One might accept all this, and
respond that law schools actually already do give students the experiential
learning they need, by means other than course work. It might even be
contended, as one blog commenter suggested, that two summer jobs are “not
dissimilar” to medical school clinical rotations. I certainly don’t deny that
summer jobs can be very valuable. In fact, data from the After the J.D. study, as examined by Rebecca Sandefur and Jeff
Selbin in The Clinic Effect, 16
Clinical L. Rev. 57, 85 (2009), suggest that new lawyers viewed summer work as
the single most useful experience of their law school years in preparing them
for practice, with school-year legal employment coming second. It is not
surprising that students find legal work a valuable training ground for future
legal work – wouldn’t it be odd if they didn’t? – but isolated summer jobs, as
valuable as they are, are not school. Nor do they compare to medical school
clinical rotation, which is not only part of the medical school educational
program but a very extensive and intensive part. (A program like
Northeastern’s, in which four different work experiences are deliberately made
an integral part of the students’ overall law school experience, might well be
another matter – but that goes to the question of how to define eligible
practice training experiences, not to the basic need for significant practice
training before graduation.)
One might accept this point too, yet
respond that the choice of what courses to take should belong to the students
themselves. Certainly choice is important. But we teach in law schools, and
it’s built in from the start in our schools that most of the courses students
take must be law courses – rather than, say, political science or humanities.

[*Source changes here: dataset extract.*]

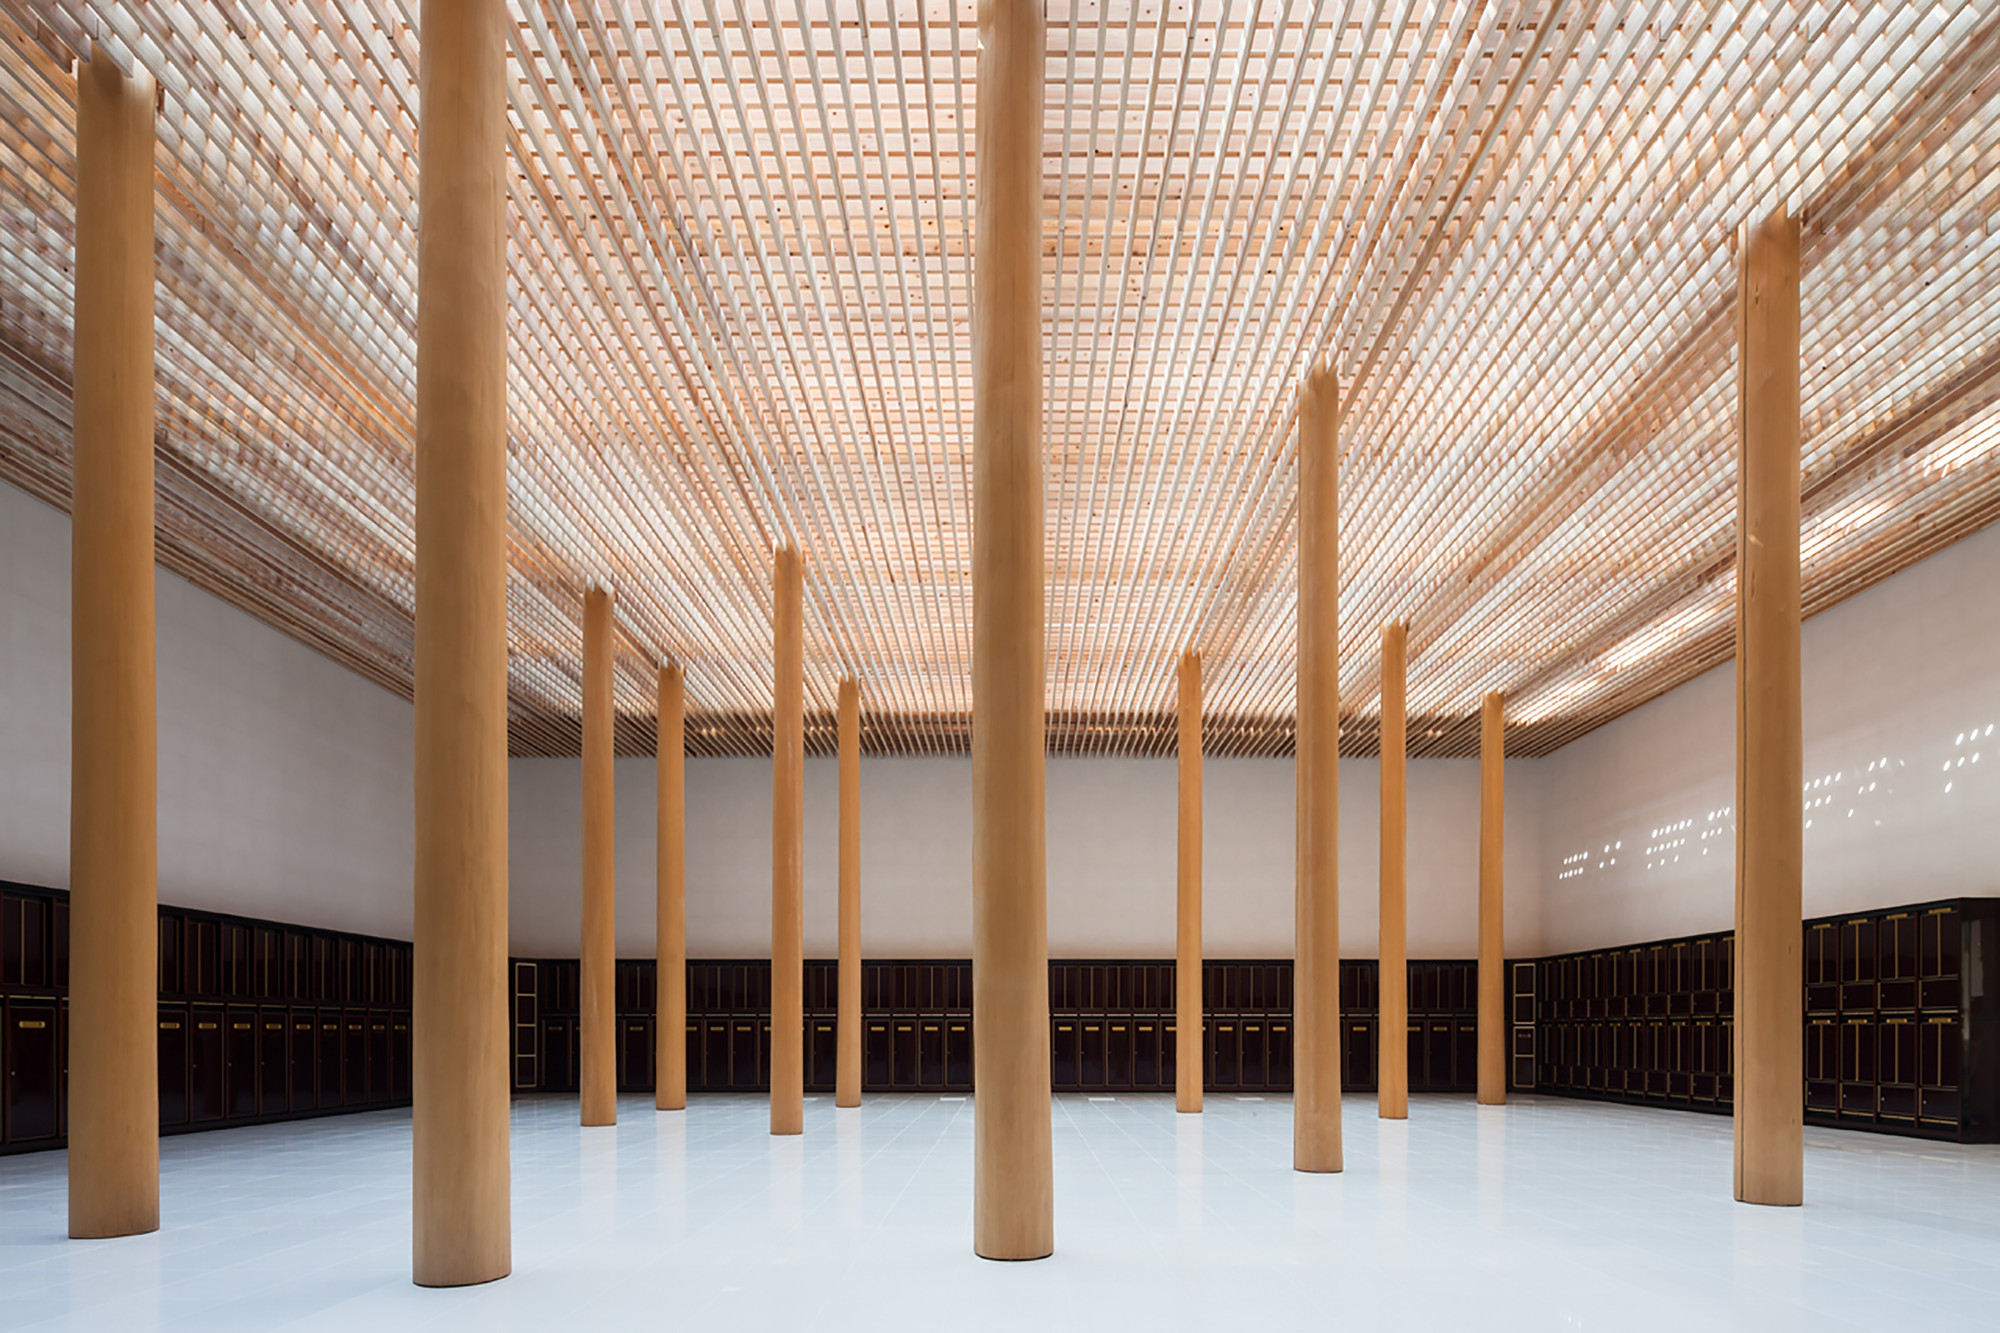 Myoenji columbarium furumori koichi architectural design for Architecture design
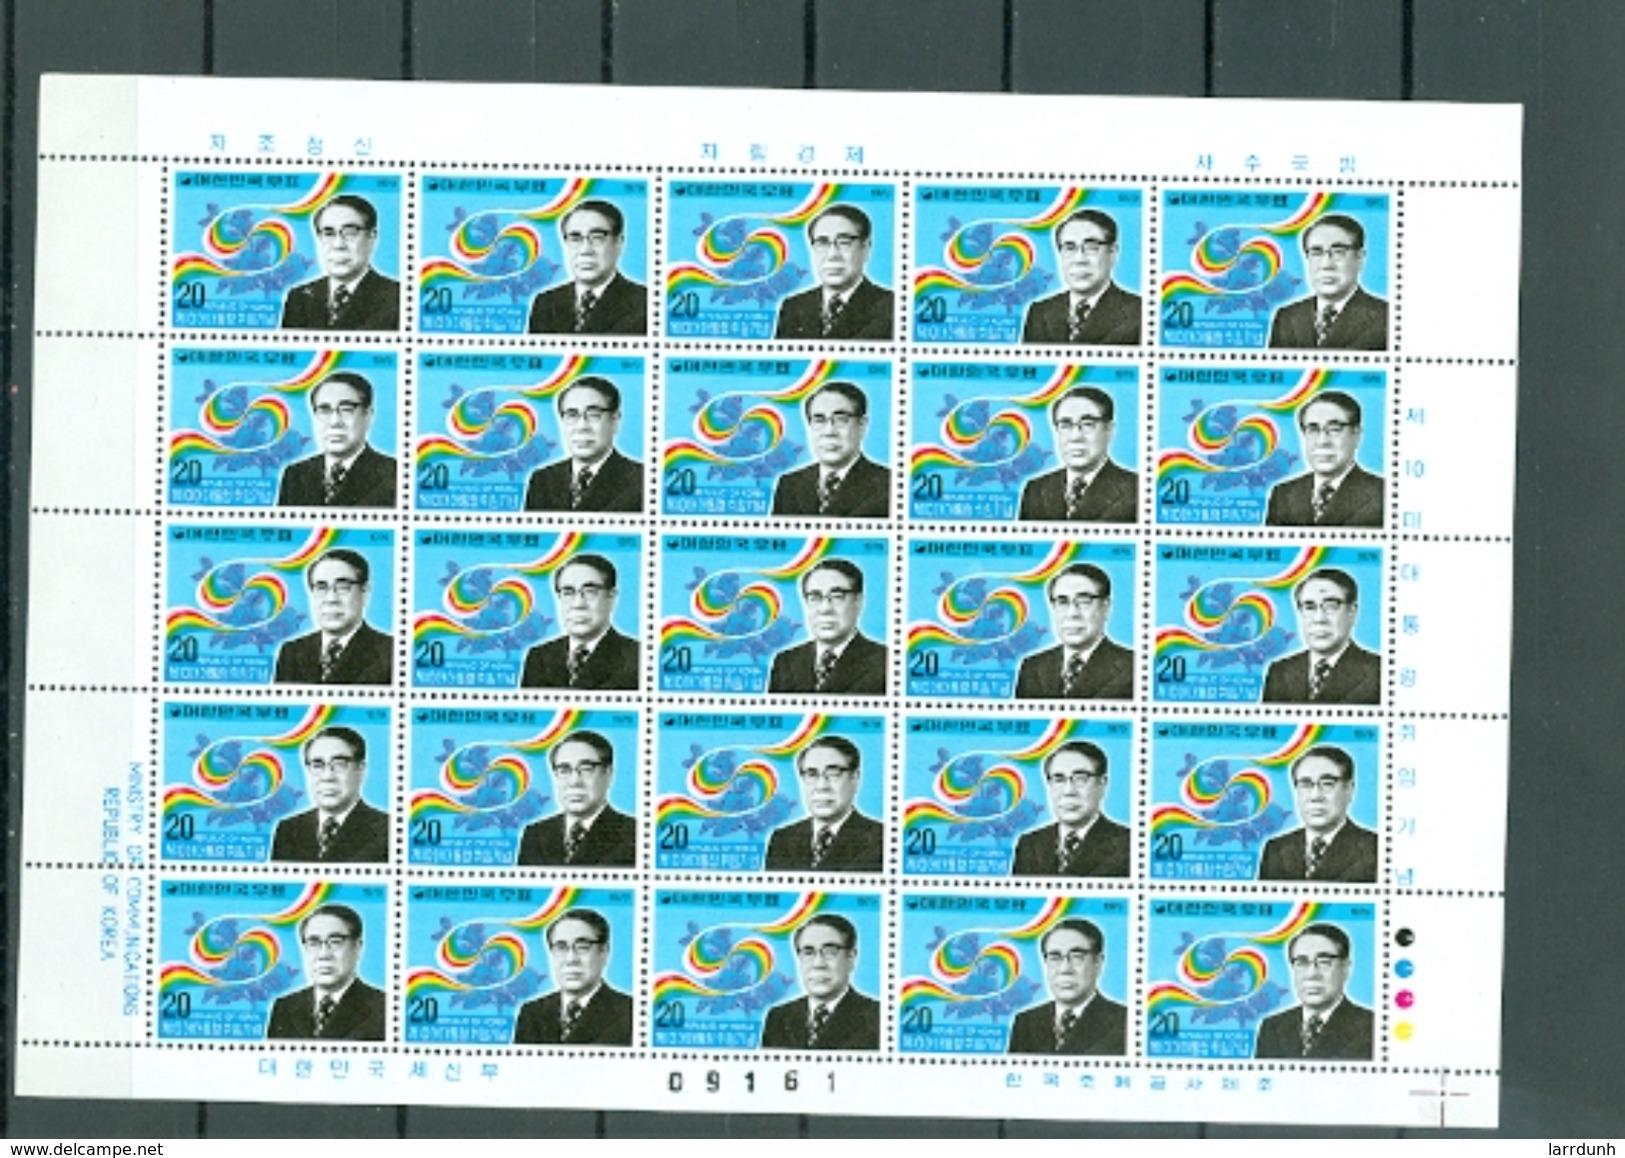 Korea 1186 Inauguration Of President Choi Kyu-hah Unfolded Sheet Of 20 MNH WYSIWYG 1979 A04s - Korea, South

Even within the domain of law courses, many or most schools restrict student
choice significantly – notably by prescribing most or all of the first-year
curriculum and sometimes parts of the upper-year curriculum as well. I think
the question is not whether we will limit students’ choices, but how much and
for what reasons. And on that score, I wonder whether part of the sense that 15
credits of experiential learning is too much might arise from a perception of
“skills” as a single subject, rather than as a very wide range of different
competencies that get used in different ways in different settings. We
routinely allocate 60 credits or more to teaching “doctrine” and the skill of
legal reasoning; it does not seem too much to allocate 15 (or some comparable
amount) to other skills of practice. Within those practice credits, I’d
certainly hope that law schools will offer their students a substantial range
of courses from which to choose.
One last point on the question of “how much?” Bob
Kuehn, in his essay “Pricing Clinical Legal Education,” available at http://papers.ssrn.com/sol3/papers.cfm?abstract_id=2318042, has compiled
figures on the “practice-based and clinical education” requirements in a range
of other professions: architecture, dentistry, medicine, nursing, pharmacy,
social work, and veterinary. Each of these requires at least one quarter of
students’ training to be in clinical settings; some require one third and, last
but not least, medicine requires one half (and that doesn’t include the years
of supervised post-graduate clinical training that follow receiving the M.D.) Kuehn
also presents cogent evidence that law school budgets can handle the cost of
clinical education – not that this education is costfree (it obviously isn’t),
but that the costs can be handled. The CLEA proposal is that approximately one-sixth of law students’ training be
in experiential courses. It seems to me that the burden is on those who
disagree with this proposal to explain why law students, unlike their peers in
other professions, do not need this level of experiential preparation for the
work they will soon be doing.
I appreciate the opportunity to submit these comments, and
hope the Council will find them helpful.
Sincerely,
Stephen
J. Ellmann
Professor
of Law
Director of the Office of Clinical
and Experiential Learning
New York Law School
Director of the Office of Clinical
and Experiential Learning
New York Law School
[1]
These comments are based on arguments I laid out in an online dialogue with
Professor Brian Leiter (and others) on his blog.